There are some grand stories told about the encounters of mountain men with big mean animals in the Ozarks, often panthers or bears. One such encounter involving a panther and Sam Hudson of Newton County, Arkansas was noted by Earnie Deane. Hudson fought the panther with his bare hands and killed it, although "his right arm was badly torn by the beast's fangs and he carried ugly scars the rest of his life." My favorite hero story was recorded by Vance Randolph, and involves Tobe, "near seven feet tall and weighed three hundred pounds." According to Don Holliday, a Taney County native and SMSU professor, this is an Ozarks version of the Beowulf legend.

A big bear had been getting into the Widow Tarkey's smokehouse and gobbling up everything in sight, so the widow asked Tobe to come over and kill the varmit.
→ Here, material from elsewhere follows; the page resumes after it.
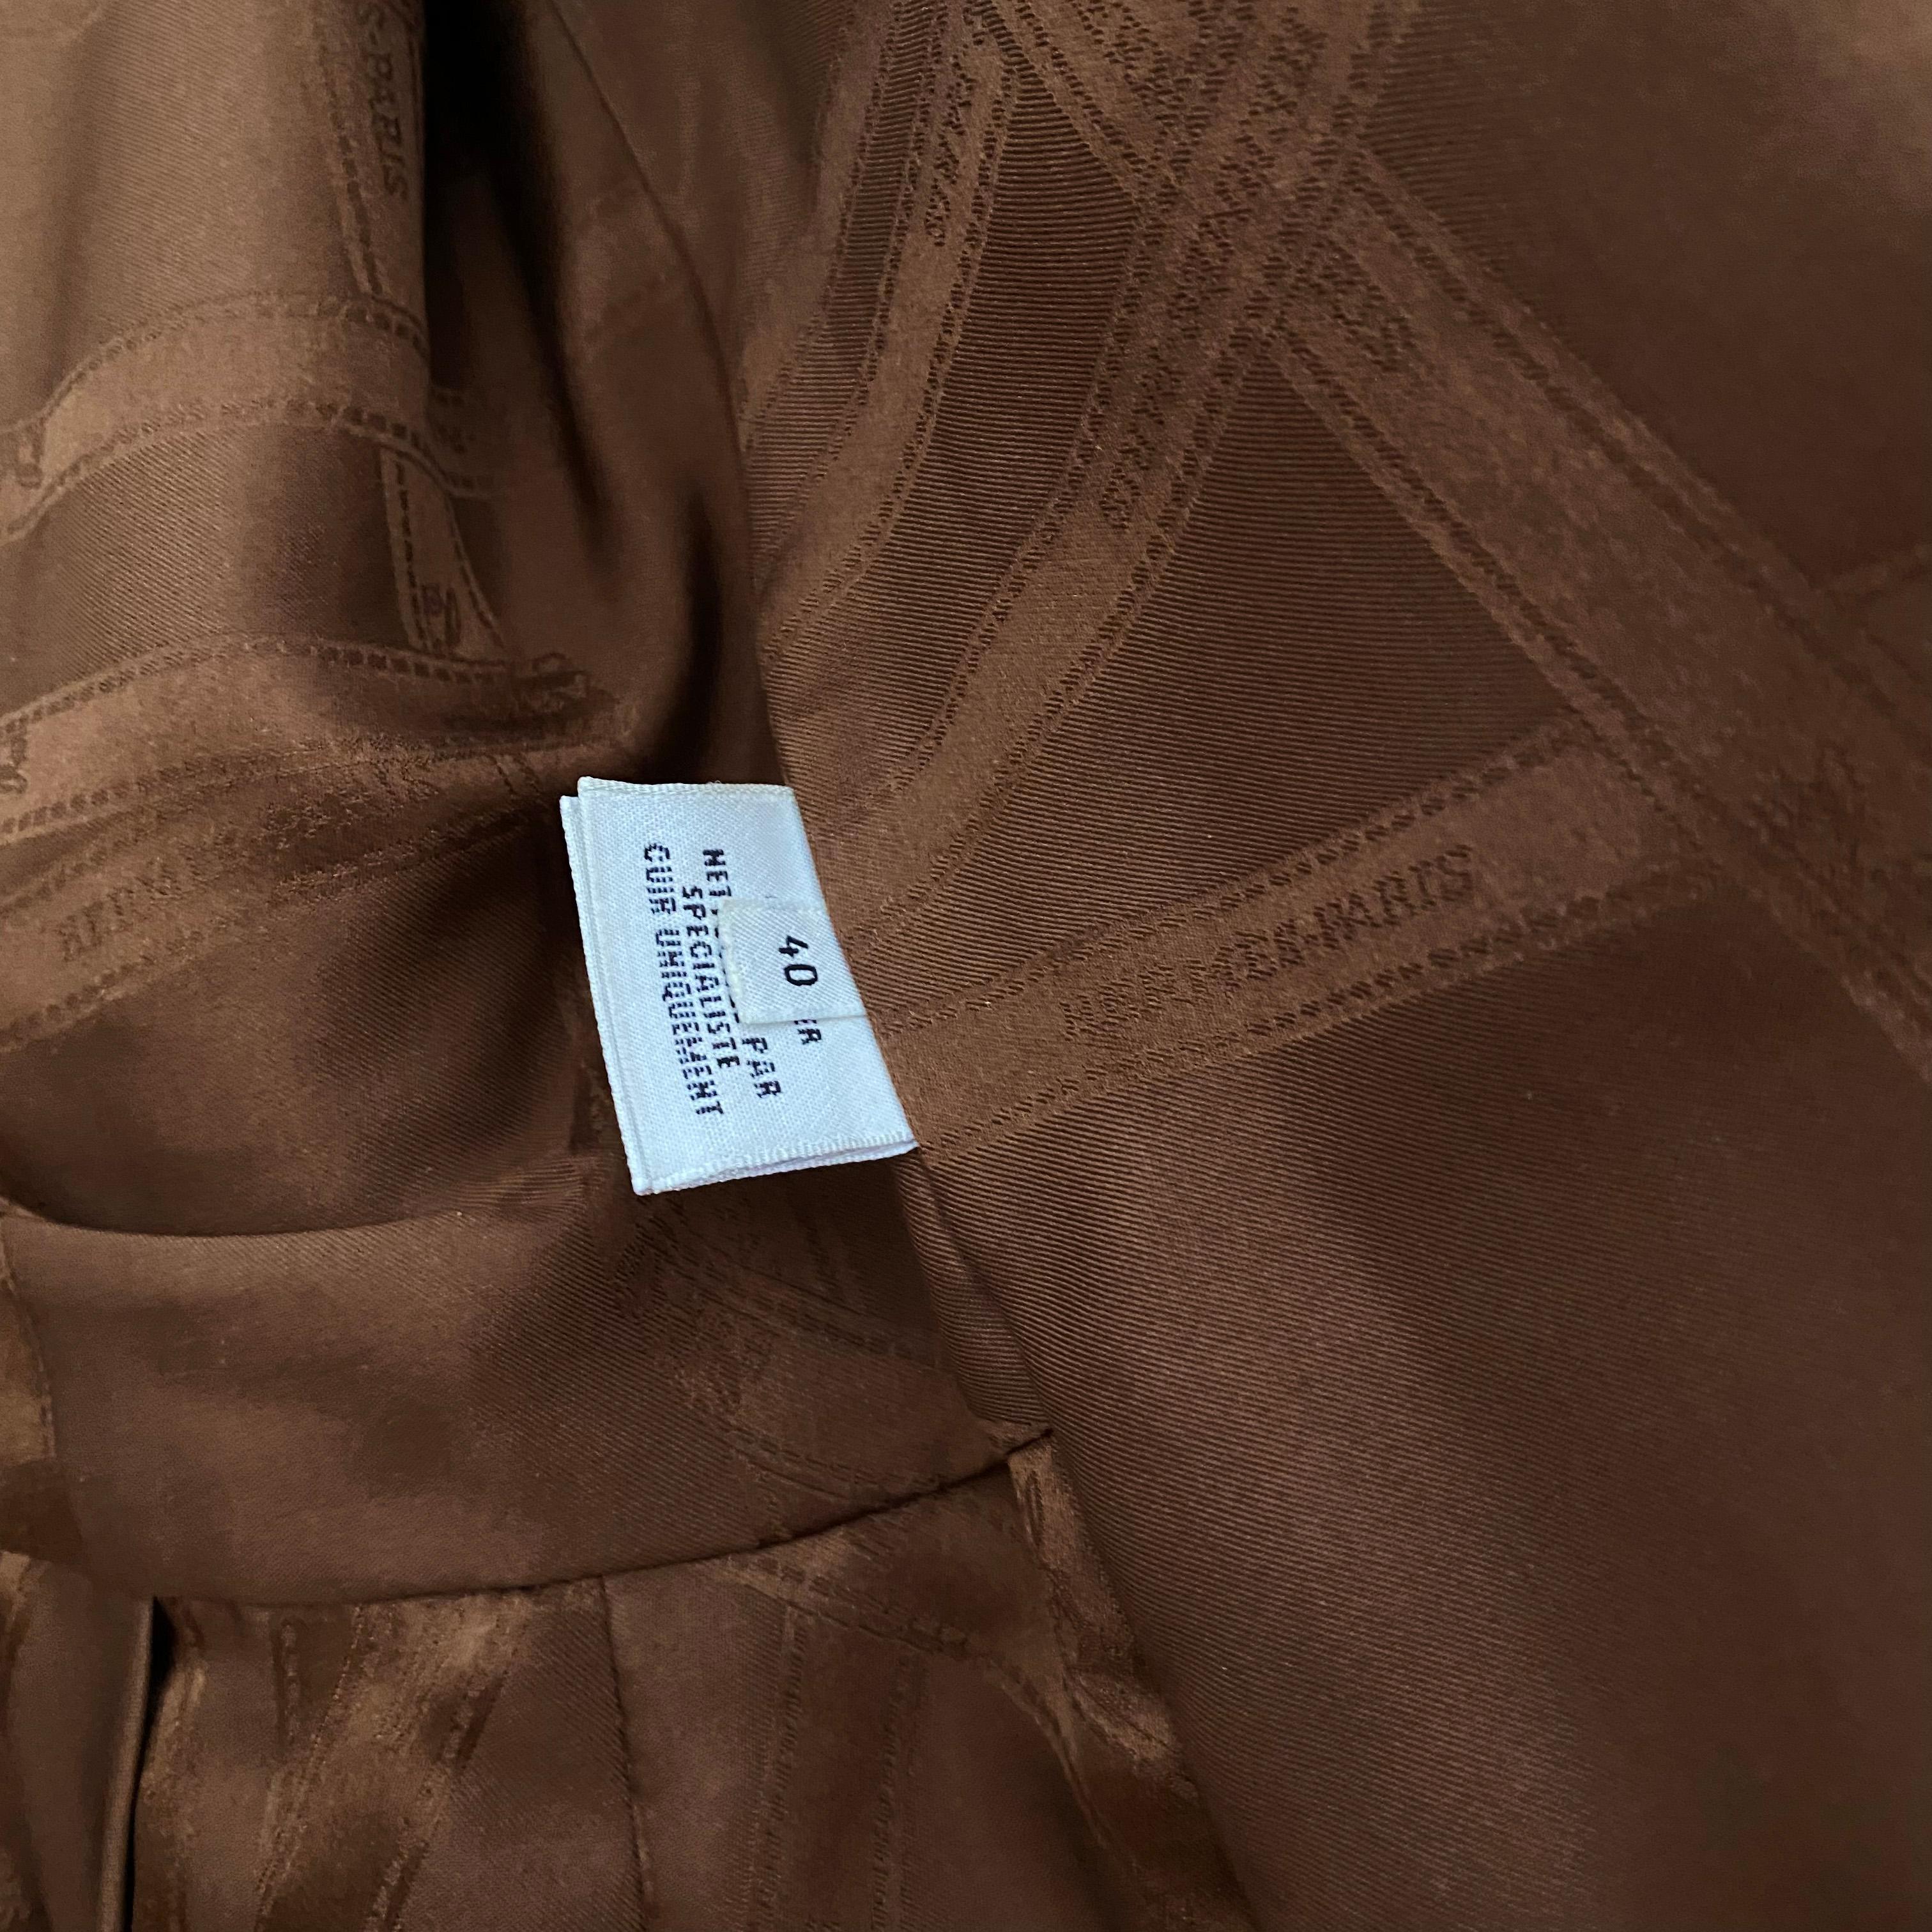 Hermès Saddle Leather Safari Biker Jacket with Logo Buttons and Silk Lining In Excellent Condition For Sale In Boston, MA

Tobe said he would, but he didn't bring a gun. "The bear ain't got no gun, has he? That makes us even, and I aim to fight him fair."
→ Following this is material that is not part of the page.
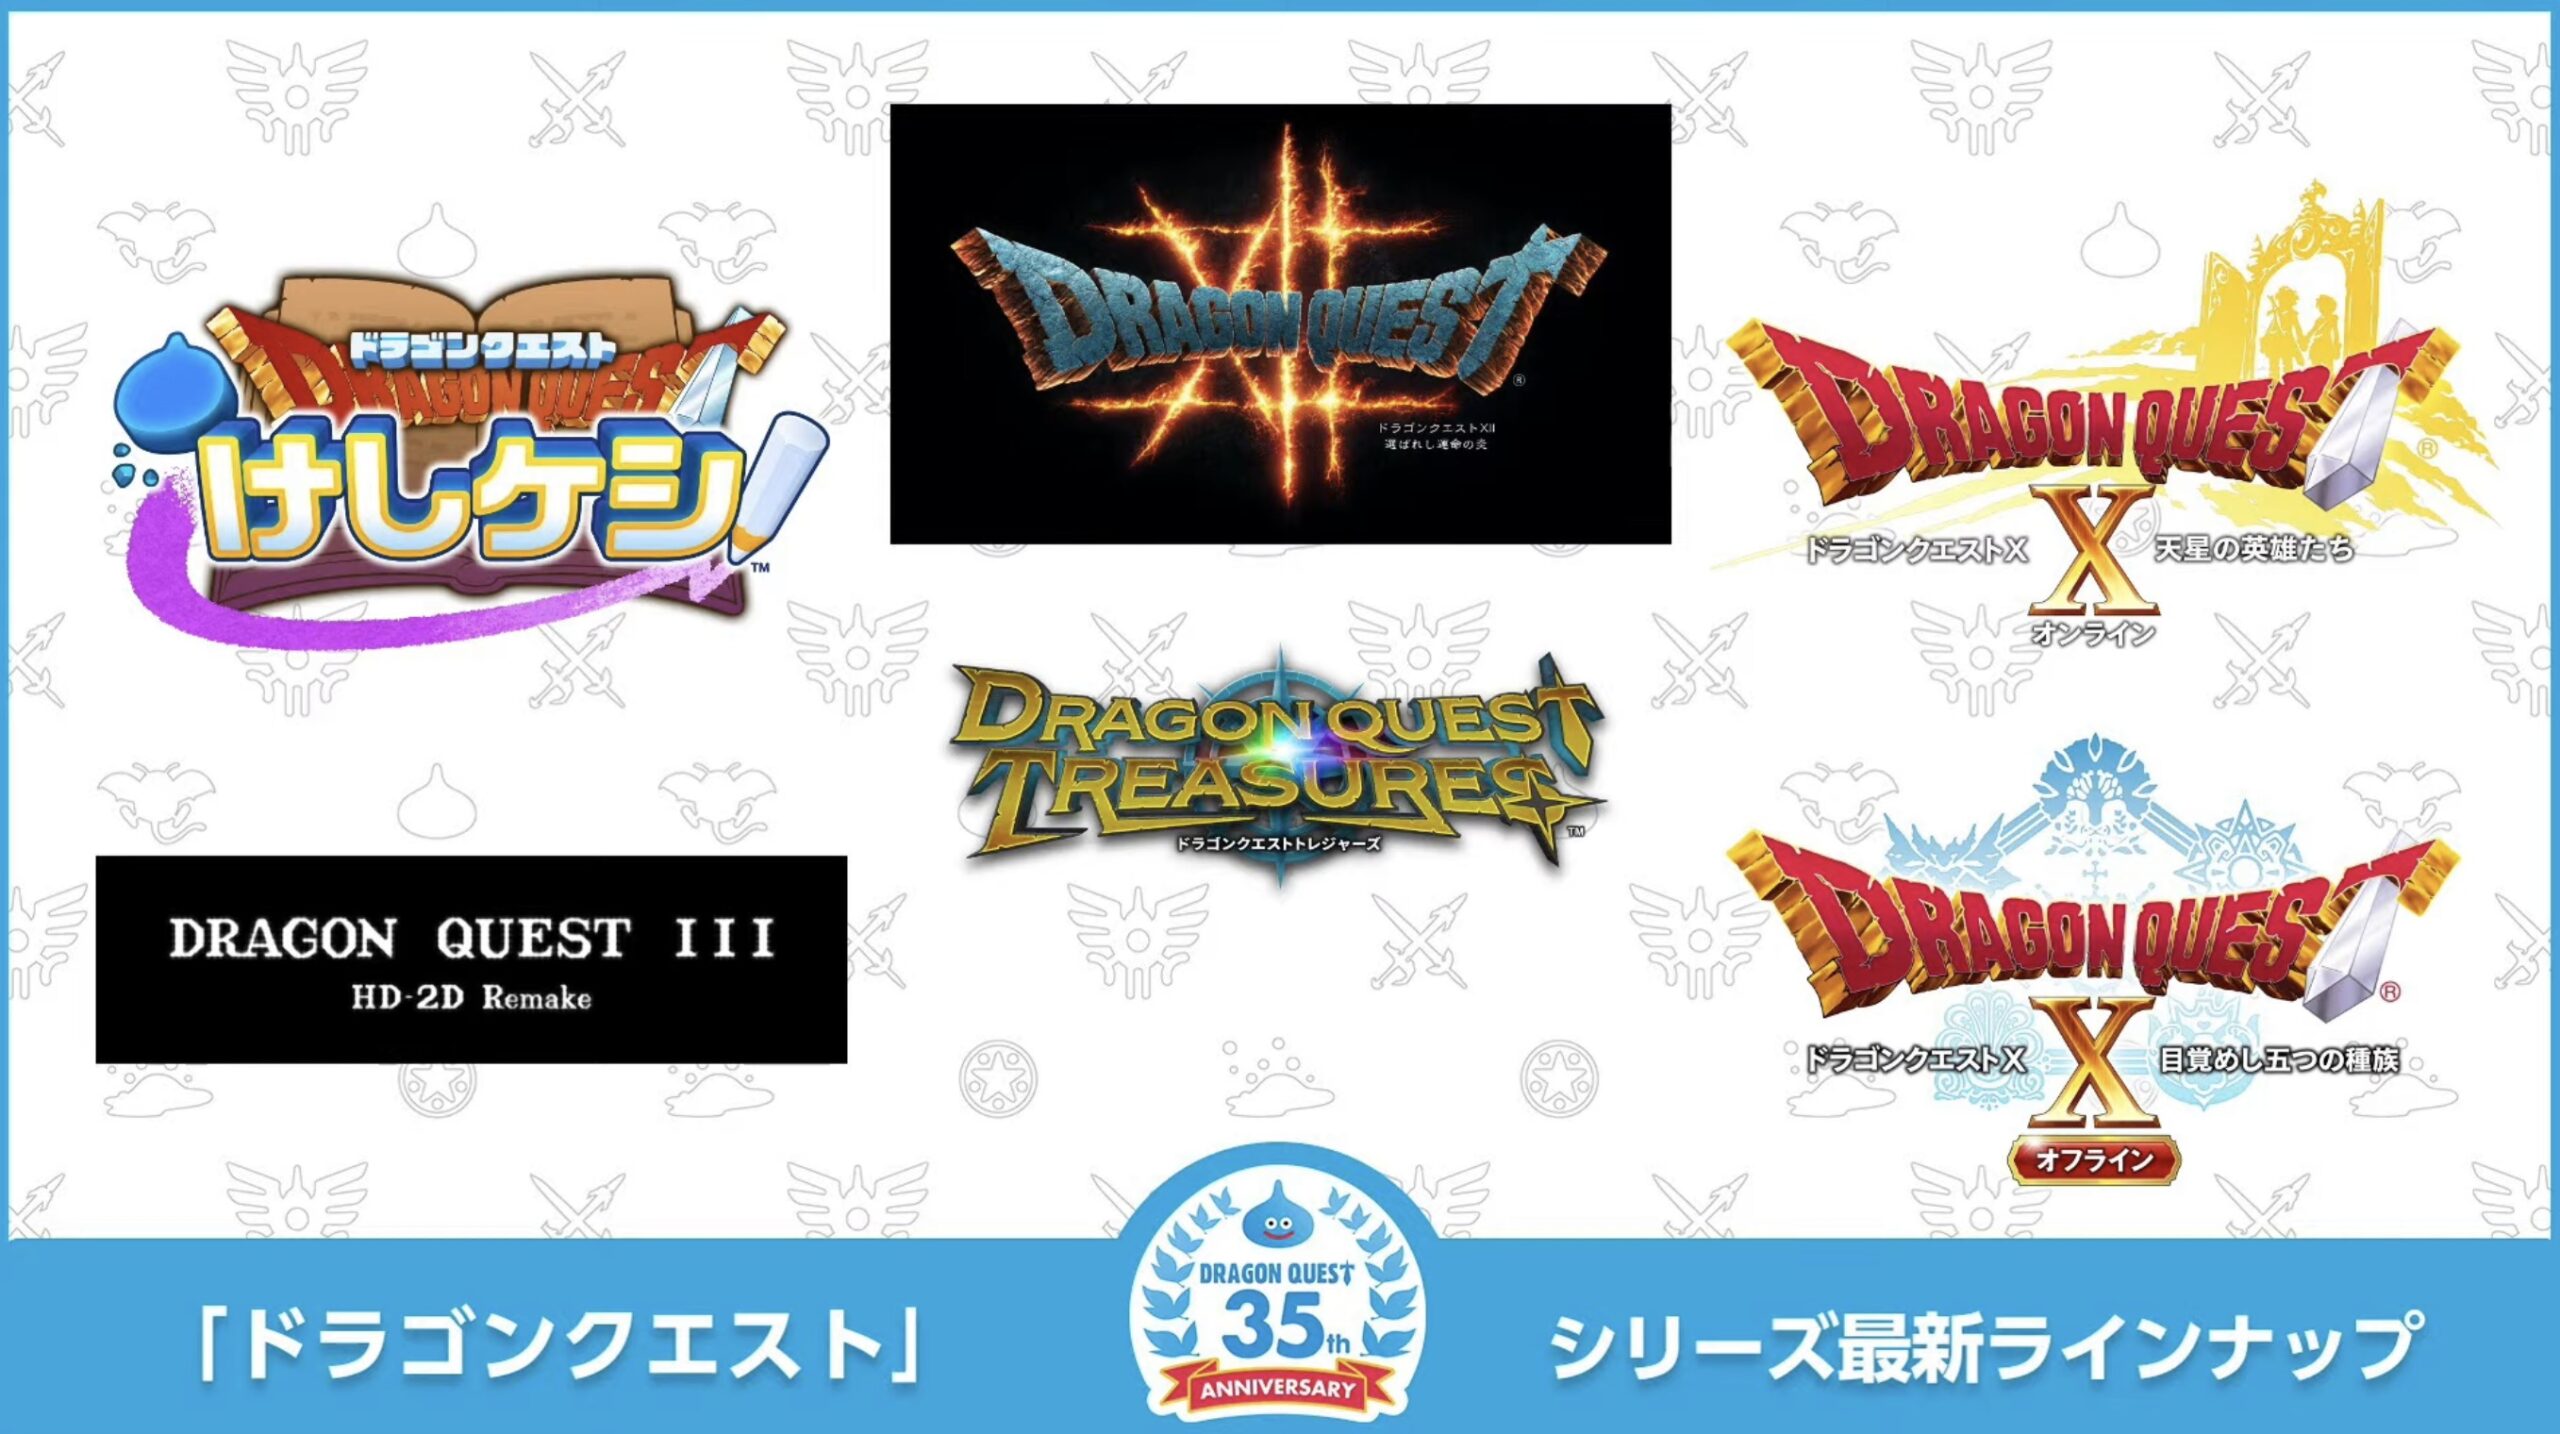 Square Enix releasing special Dragon Quest Switch system in Japan

Well Tobe went over and pretty soon the bear came along and broke into the widow's smokehouse, and Tobe ran out there and him and the bear fought something terrible. After while he came back up the path, and the widow asked, "Did you kill the critter? .... I reckon not, ma'am," said Tobe, "but he won't bother your smokehouse no more." And Tobe threw down about fifty pounds of bear meat. He had just pulled one of that bear's legs out by the roots.
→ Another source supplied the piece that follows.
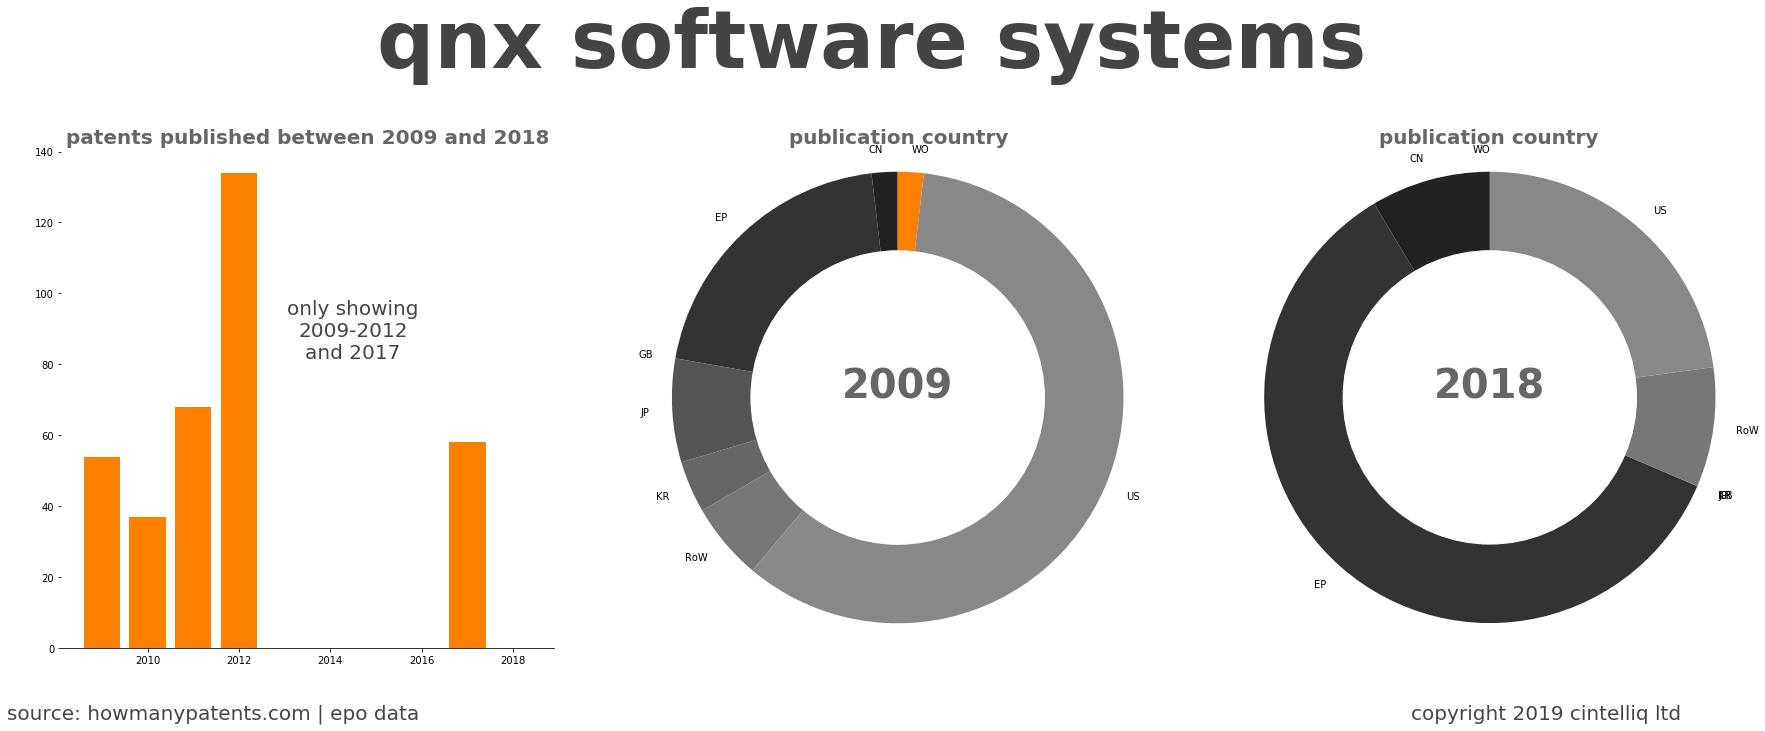 summary of patents for Qnx Software Systems

Well, they found the bear the next day up in a cave, and he was dead, and he was missing one of his front legs. Some folks thought the whole story was a lie, because they didn't believe any man was stout enough to pull a bear's leg off like that. But the leg was right there, nailed up over the smokehouse door. "That don't prove nothing," said Wes Galbraith, "they got elk horns nailed on the tavern at Pea Ridge, but nobody claims they tore 'em off a live elk bare-handed."

Tobe said folks can believe what they want, it's a free country, he said, but if anybody calls him a liar he will pull their arms and legs off one at a time, right in front of the courthouse. Wes Galbraith didn't have anything more to say after that.

Now maybe you understand why I'm mighty slow to call somebody a liar. Improving the truth is a good old Ozarks custom that is likely to be around for a long time to come.